Алик сунул молоток в щель между брёвен, достал из кармана телефон и отщёлкнул заднюю крышку. Митя увидел лоскуток зелёной плесени. Серёга уже показывал Мите такой телефон — его отняли у городских на драглайне.
— Так выглядит фитроника, — сказал Алик. — Нейлектрическую ткань можно выращивать на фермах, но это дороже и дольше, а можно извлекать из коллигентов. Вот мы и поставляем на Запад коллигенты.

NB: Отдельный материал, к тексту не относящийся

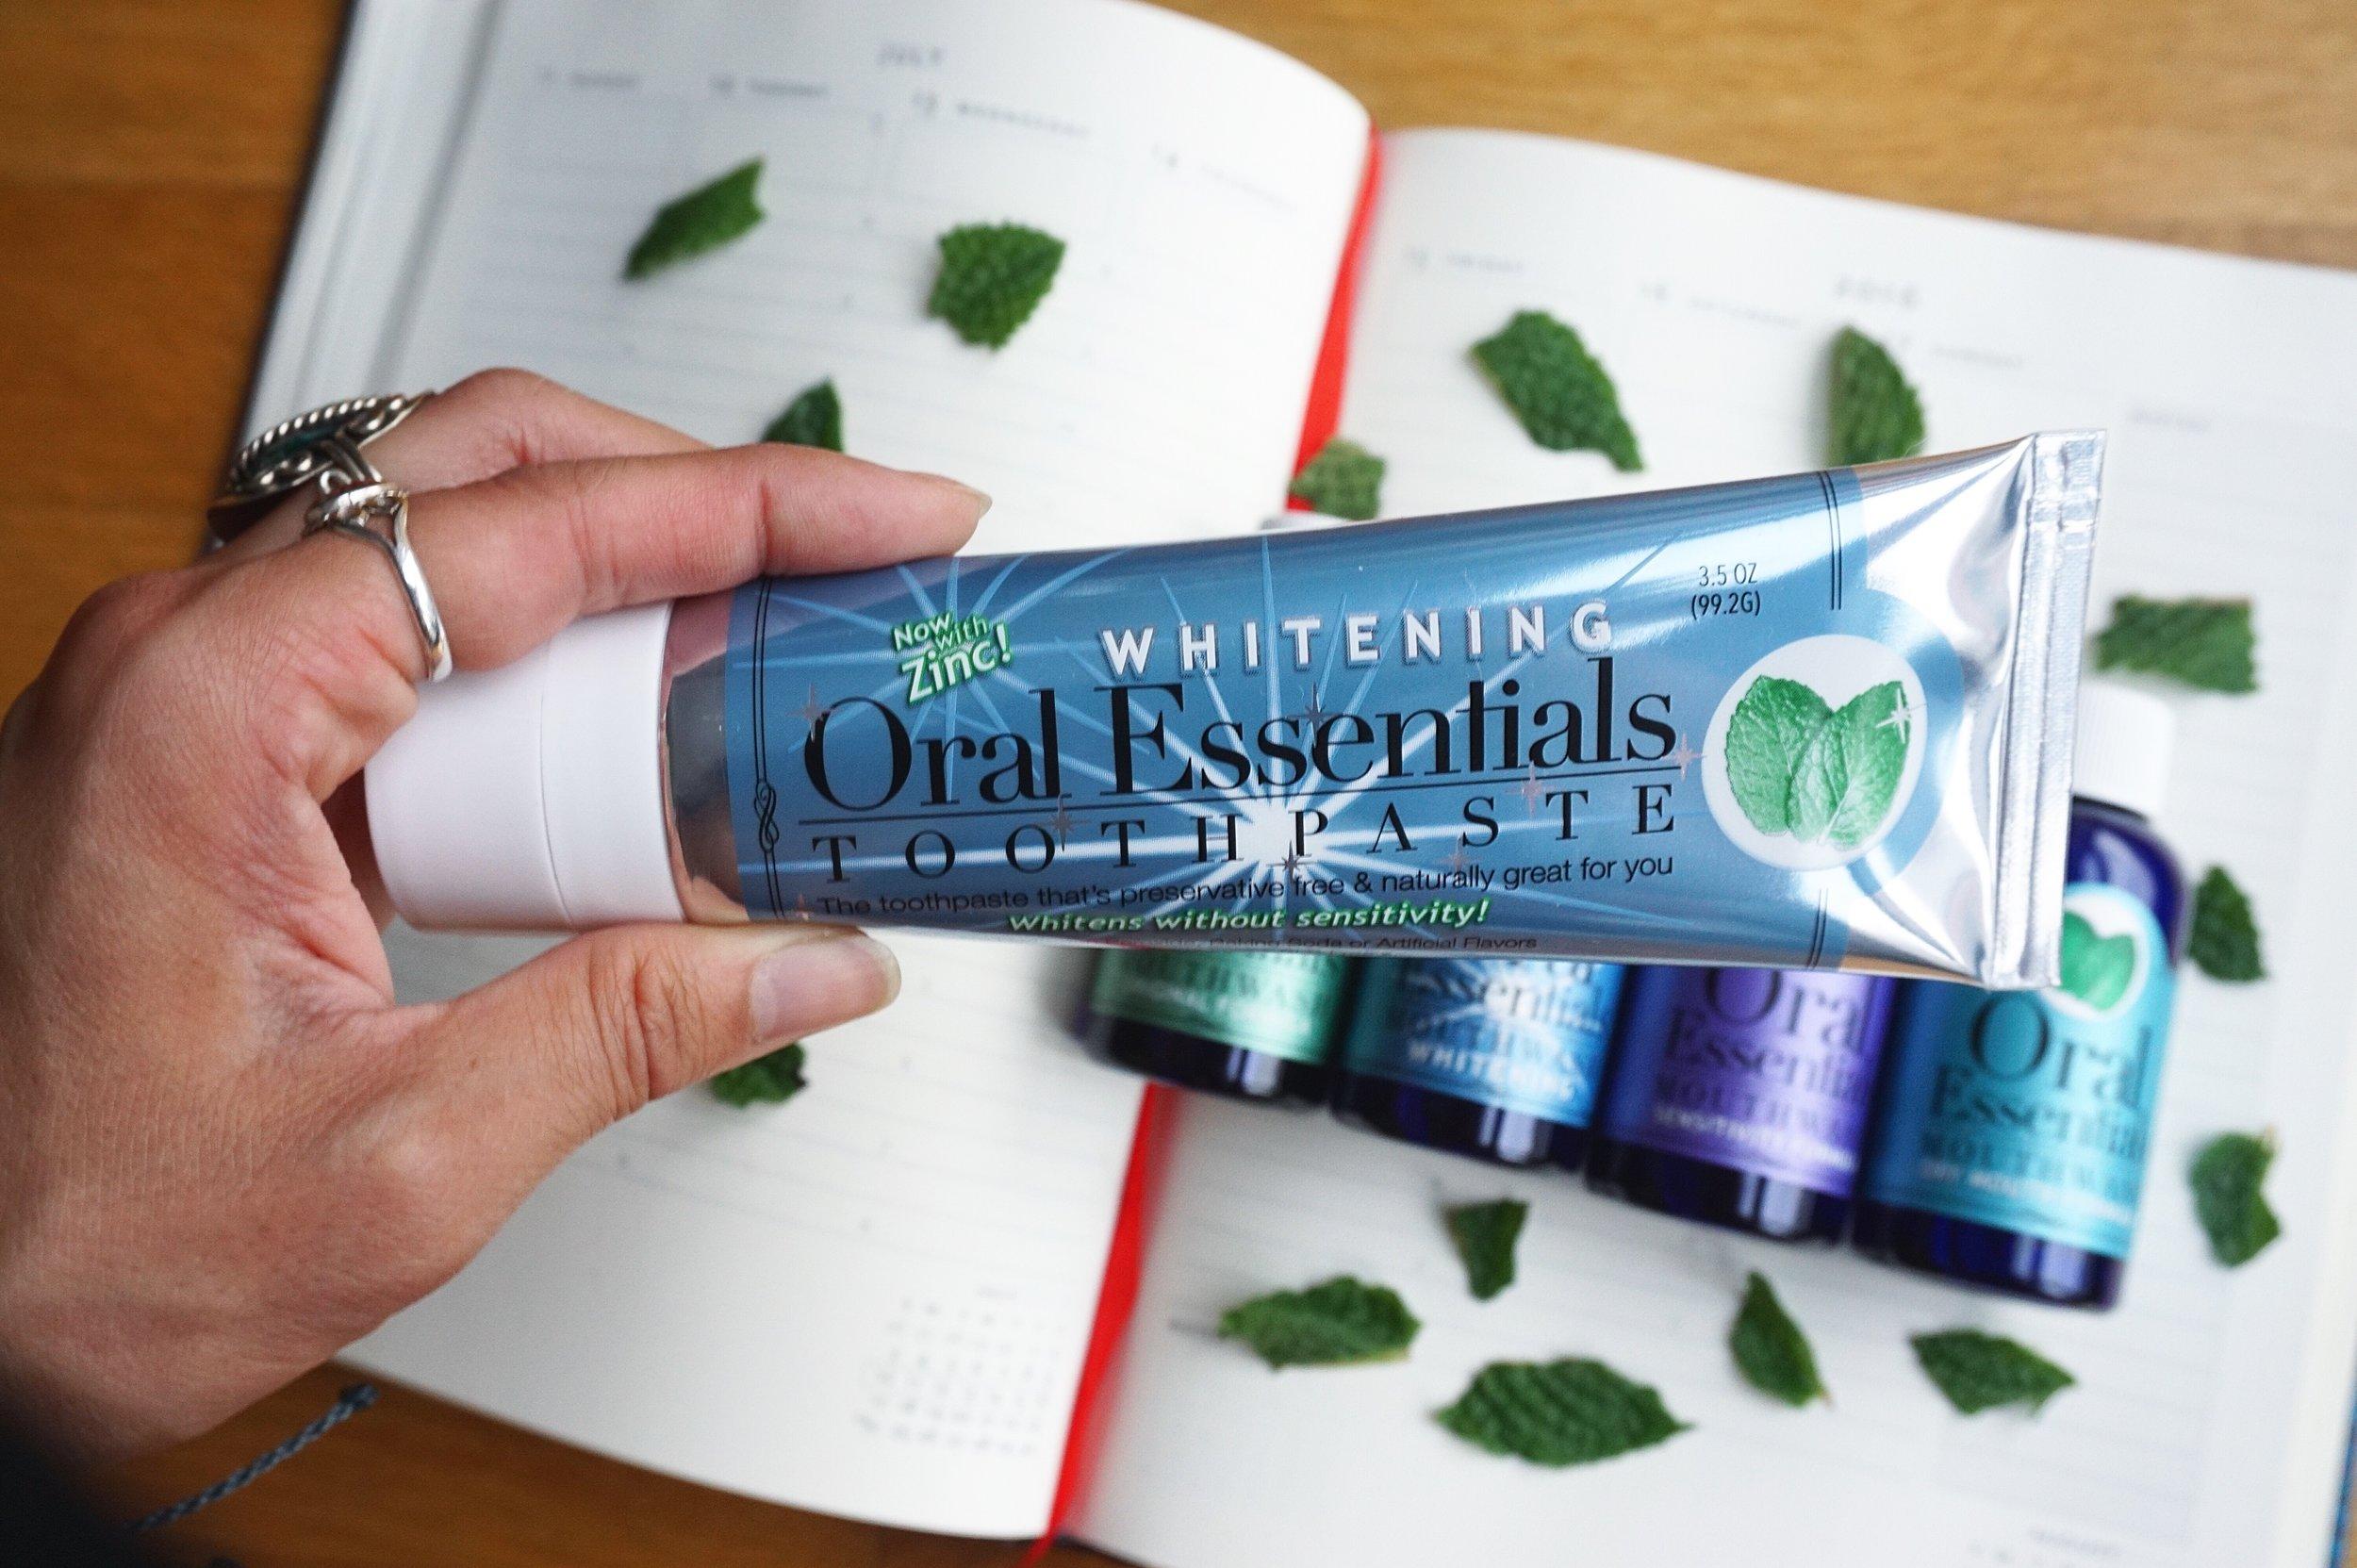 oral essentials toothpaste

Митя был изумлён простотой объяснения.
— Почему же тогда нам не заменить бризол для Китая на «вожаков» для Запада? — спросил он с каким-то предрешённым бессилием.

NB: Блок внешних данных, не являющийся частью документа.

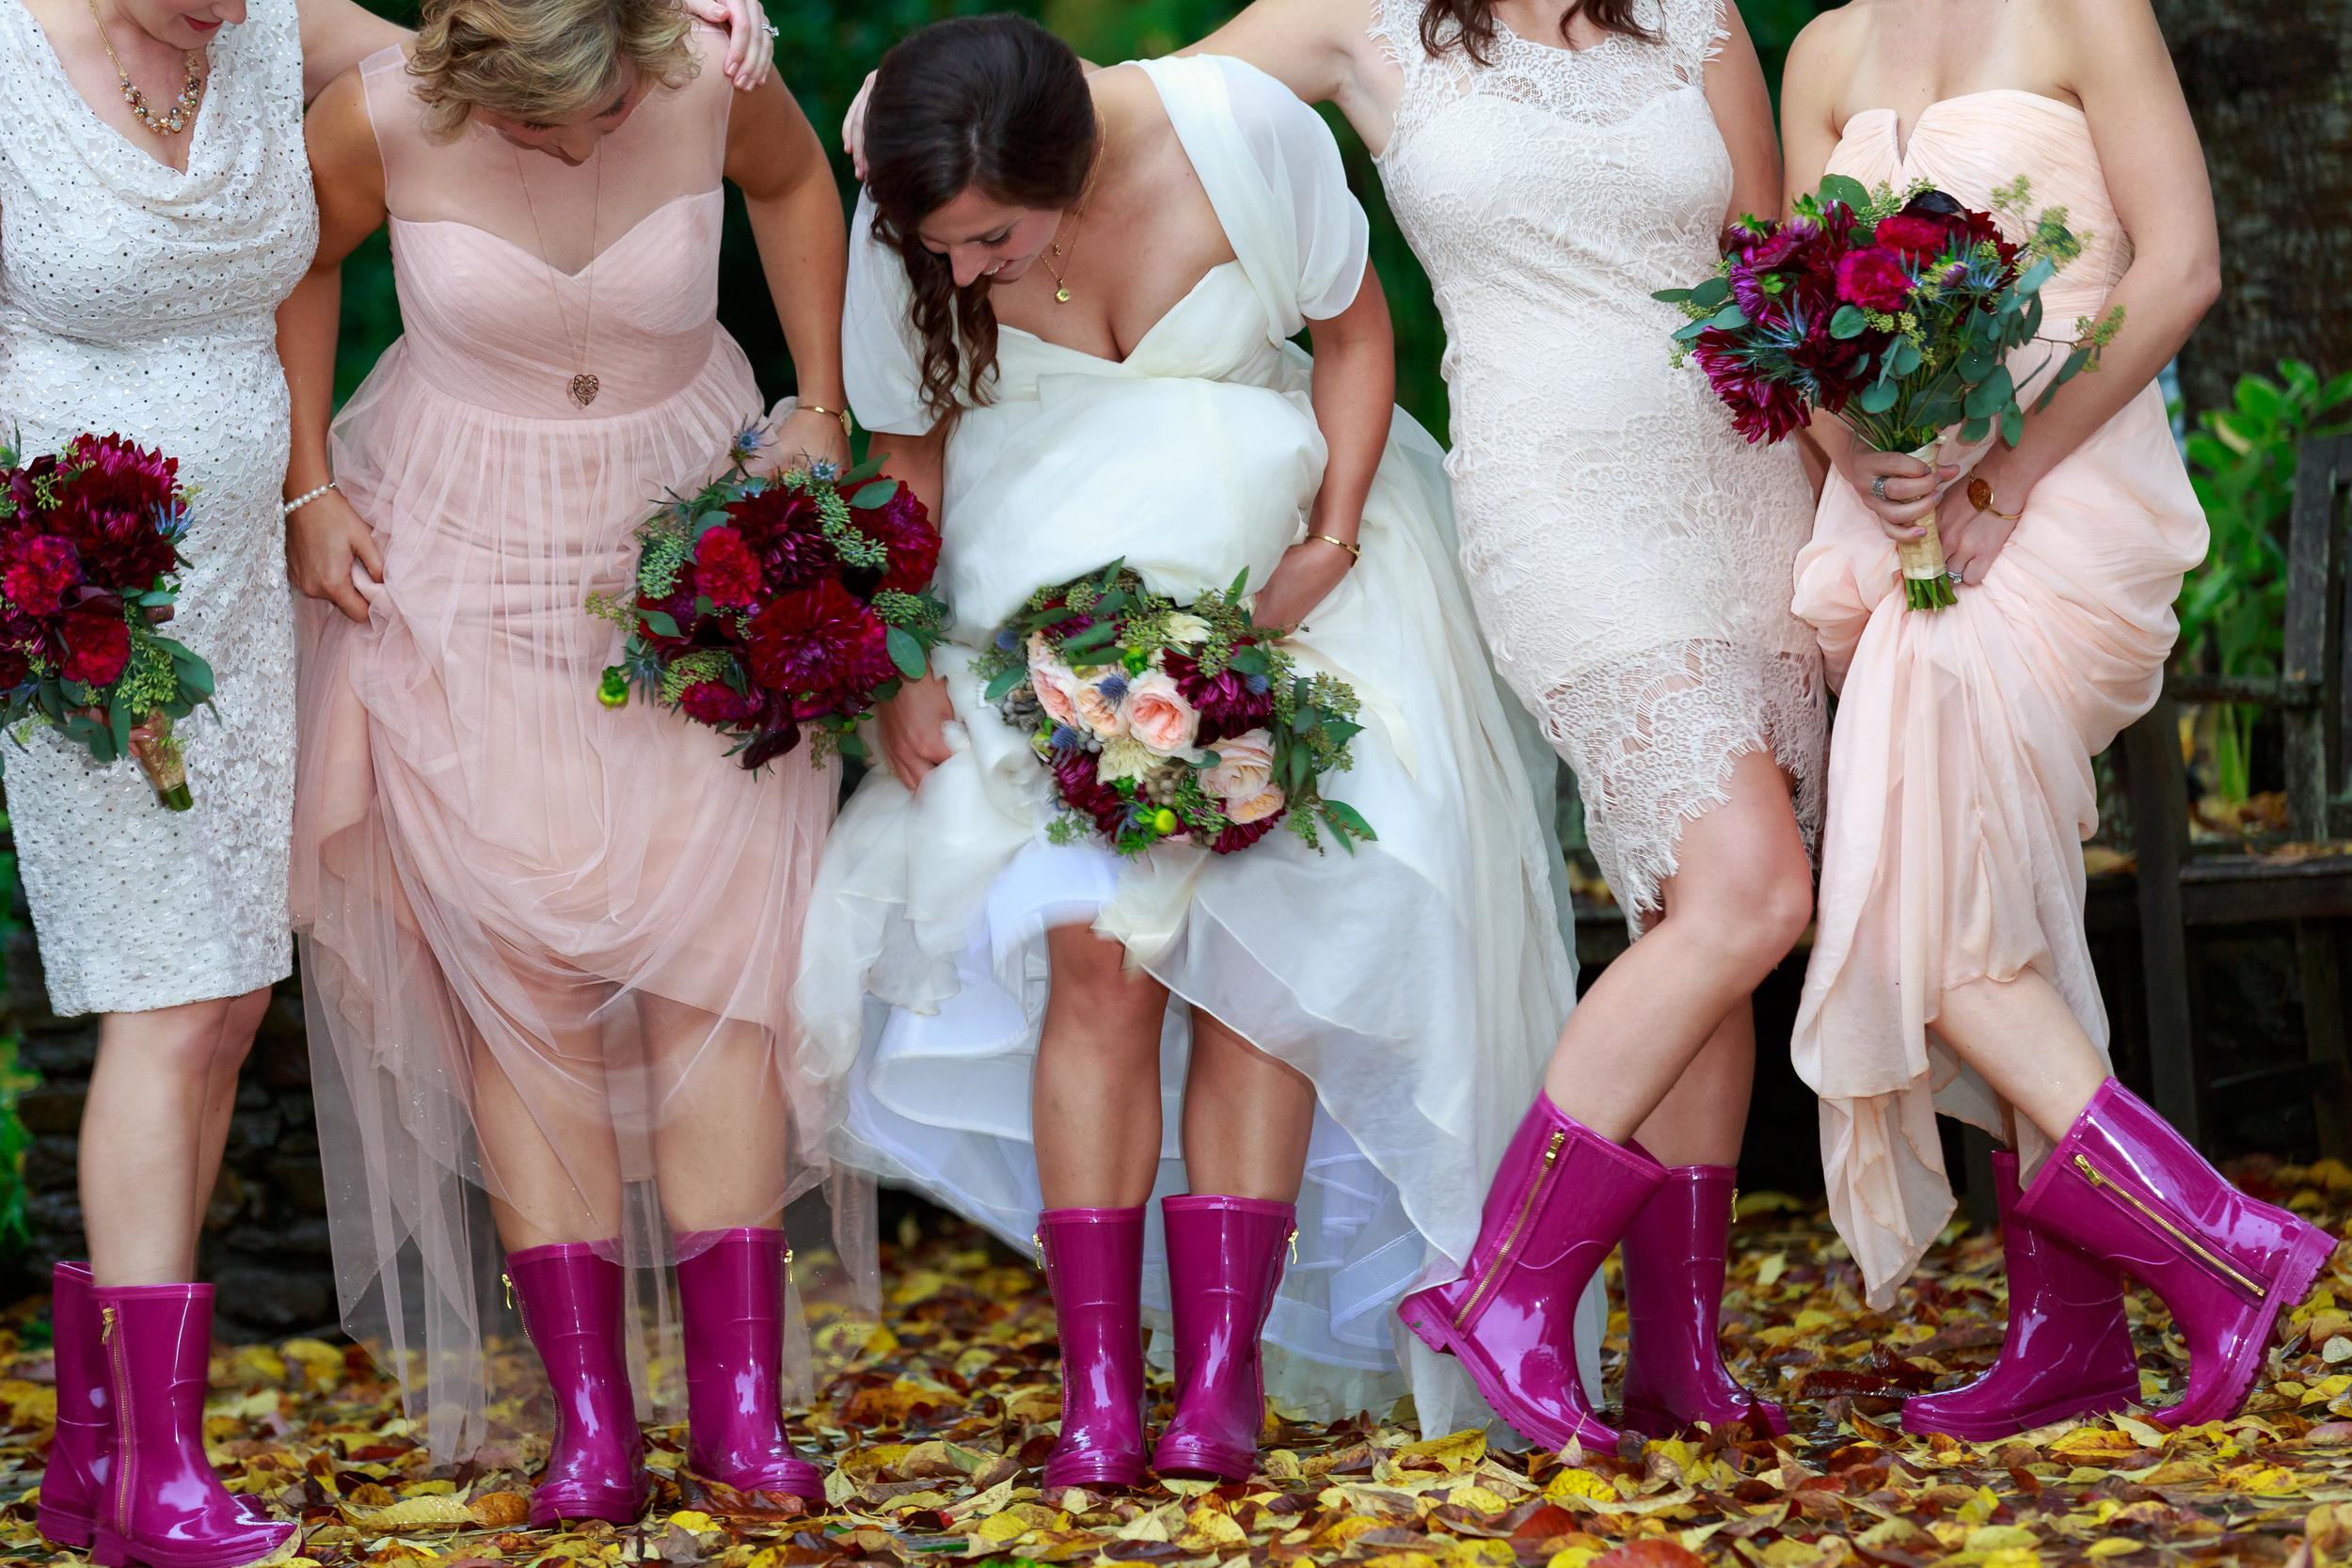 Christine Piascik & Alex McKenzie Wedding at North Carolina Arboretum-244.jpg

— Коллигентами страну не прокормить. Бризол производят миллионами тонн, а нейлектрической ткани нужно в тысячу раз меньше по объёму.
Алик вколачивал свои стрелы — будто правду в сознание Мити. Митю опять затошнило. В голове словно взорвался слепяще-разноцветный рой из забытых образов, Митя не мог остановить их, разделить и осмыслить.
— А как же война? Мы же воюем с Западом!
Митя словно бы цеплялся за что-то прочное руками, когда под ногами всё разъезжалось. Война и служила опорой. Про войну он узнал уже здесь, по эту сторону своей жизни, и война объясняла всё то, что творилось вокруг.
В ответ на Митин вопрос Алик только презрительно фыркнул.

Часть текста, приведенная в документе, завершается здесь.